FireWorks

Note: FireWorks is under active development. It is currently incomplete and not useable as workflow software. However, certain components of the code are available for initial testing.

FireWorks is a code for defining, managing, and executing scientific workflows. It can be used to automate most types of calculations over arbitrary computing resources.

Features

FireWorks is intended to be a friendly workflow software that is easy to get started with, but flexible enough to handle complicated use cases.

Some (but not all) of its features include:

  • Storage and management of workflows through MongoDB, a noSQL datastore that is flexible and easy to use.
  • Ability to distribute the calculations over multiple worker nodes, each of which might use different a queueing system and process a different type of calculations.
  • Support for dynamic workflows that that react to results programmatically. You can pre-specify what actions to take depending on the output of a workflow step (canceling a workflow, restarting the current step, or completely altering the workflow)
  • Detection of duplicate sub-workflows - automatically skip tasks that are duplicated between two workflows while still running unique sections
  • Plug-and-play on several large supercomputing clusters and queueing systems (future)
  • Monitoring of workflows through a web service (future)
  • Package many small jobs into a single large job (useful for running on HPC machines that stipulate a small number of large-CPU jobs). (future)

Limitations

Some limitations of FireWorks include:

  • FireWorks has not been stress tested to very large numbers of worker nodes.
  • FireWorks does not optimize the distribution of computing tasks over worker nodes (e.g., to minimize data movement); you must define such optimizations explicitly.
  • FireWorks is not designed to handle problems requiring movement and storage of extreme data sets (e.g., petabytes of data).
  • FireWorks is not designed to be real-time workflow software. If each of your workflow steps is only a few seconds long, there might be a noticeable lag between the time one workflow step completes and the next step begins.

Getting Started

To get started with FireWorks, we suggest that you follow our installation tutorial. The tutorial will help guide you through set up of both worker computers and the central computer, as well as demonstrate how to define and run basic workflows.

Contributing and Contact

Want to see something added or changed? There are many ways to make that a reality! Some ways to get involved are:

  • Help us improve the documentation - tell us where you got ‘stuck’.
  • Point us to areas of the code that are difficult to understand or use.
  • Tell us how you’re using FireWorks, and request new features.
  • Let us know if you need support for a queueing system.
  • Share code on how FireWorks might be used within a specific application.
  • Get in touch and contribute to the core codebase!

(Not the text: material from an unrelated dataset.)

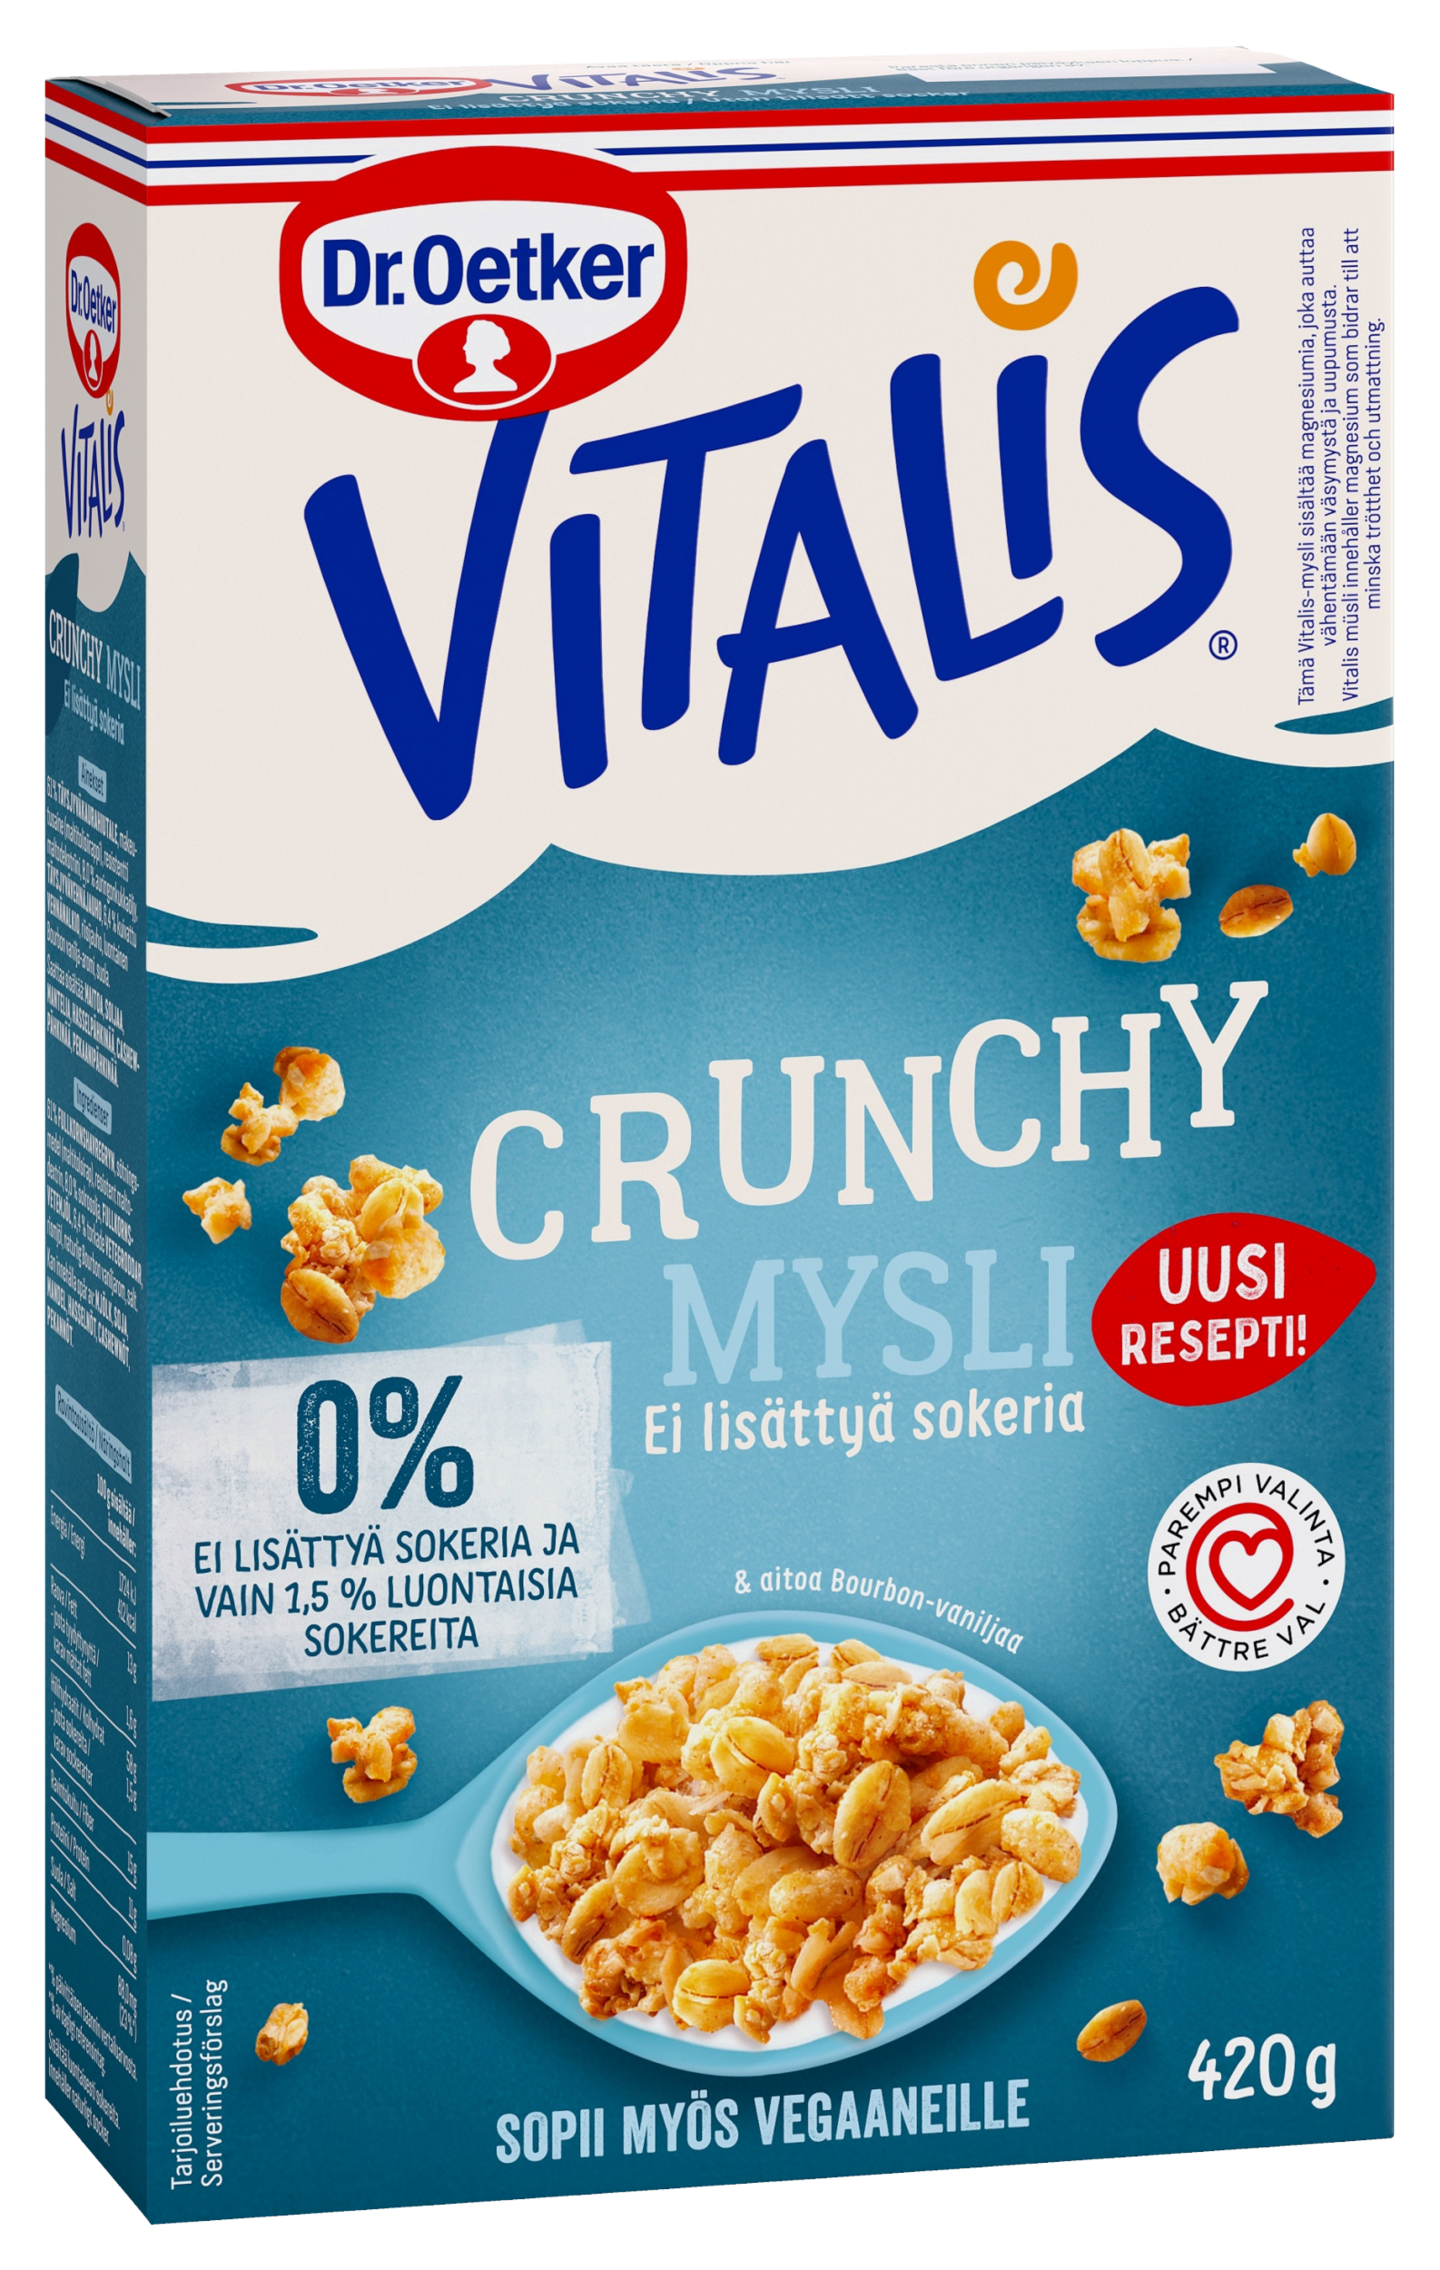 Vitalis Crunchy mysli Täysjyvä 420g ei lisättyä sokeria

The best way to submit questions, issues, and all other communication is through the FireWorks Github page. However, if you feel that e-mail is better suited for your purpose, you can contact: developer contact

Thank yous

Michael Kocher and Dan Gunter initiated the architecture of a central database with multiple workers that queued ‘placeholder’ scripts responsible for checking out jobs. Some of Michael’s code for pulling jobs onto nodes was refashioned for FireWorks.

Shyue Ping Ong was extremely helpful in providing guidance and feedback, as well as the nitty gritty of getting set up with Sphinx documentation, PyPI, etc. If you are in the market for a free Python materials analysis code, I highly recommend his pymatgen library (which I also sometimes contribute to).

Wei Chen was the first test pilot of FireWorks, and contributed greatly to improving the docs and ensuring that FireWorks installation went smoothly for others.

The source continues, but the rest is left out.